• YOUR INSTRUCTIONS: All of the listing must be given again exactly, except that the images are dropped.

• GIVEN INFORMATION:
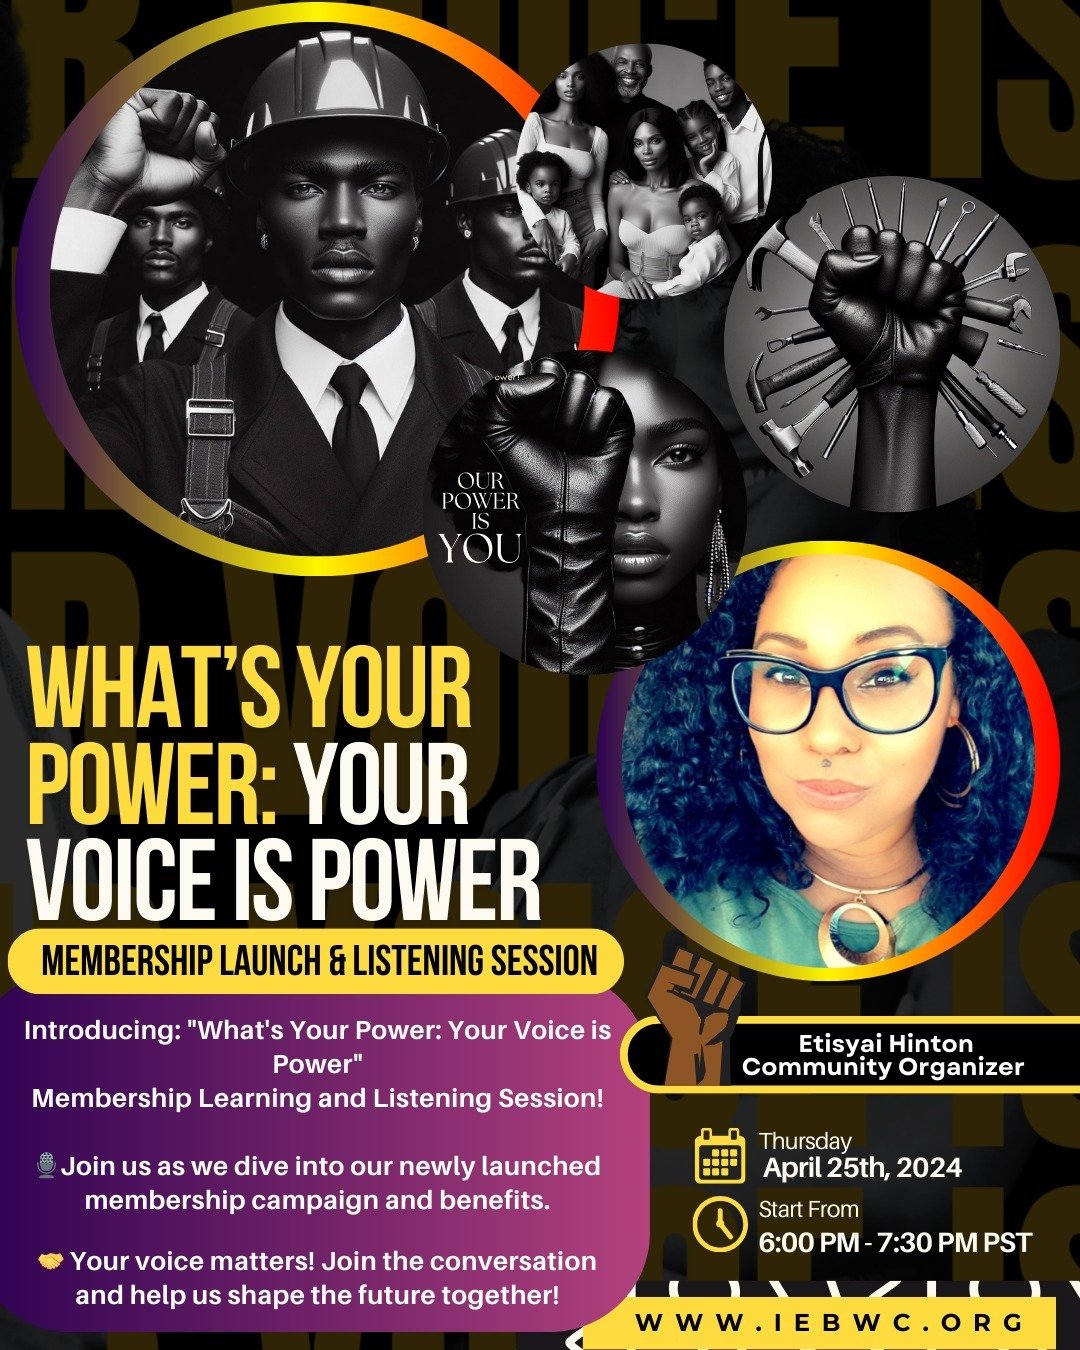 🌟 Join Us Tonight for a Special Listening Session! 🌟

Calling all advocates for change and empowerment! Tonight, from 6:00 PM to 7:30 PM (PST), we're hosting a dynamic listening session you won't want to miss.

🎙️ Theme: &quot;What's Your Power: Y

• TASK OUTPUT:
 🌟 Join Us Tonight for a Special Listening Session! 🌟

Calling all advocates for change and empowerment! Tonight, from 6:00 PM to 7:30 PM (PST), we're hosting a dynamic listening session you won't want to miss.

🎙️ Theme: &quot;What's Your Power: Y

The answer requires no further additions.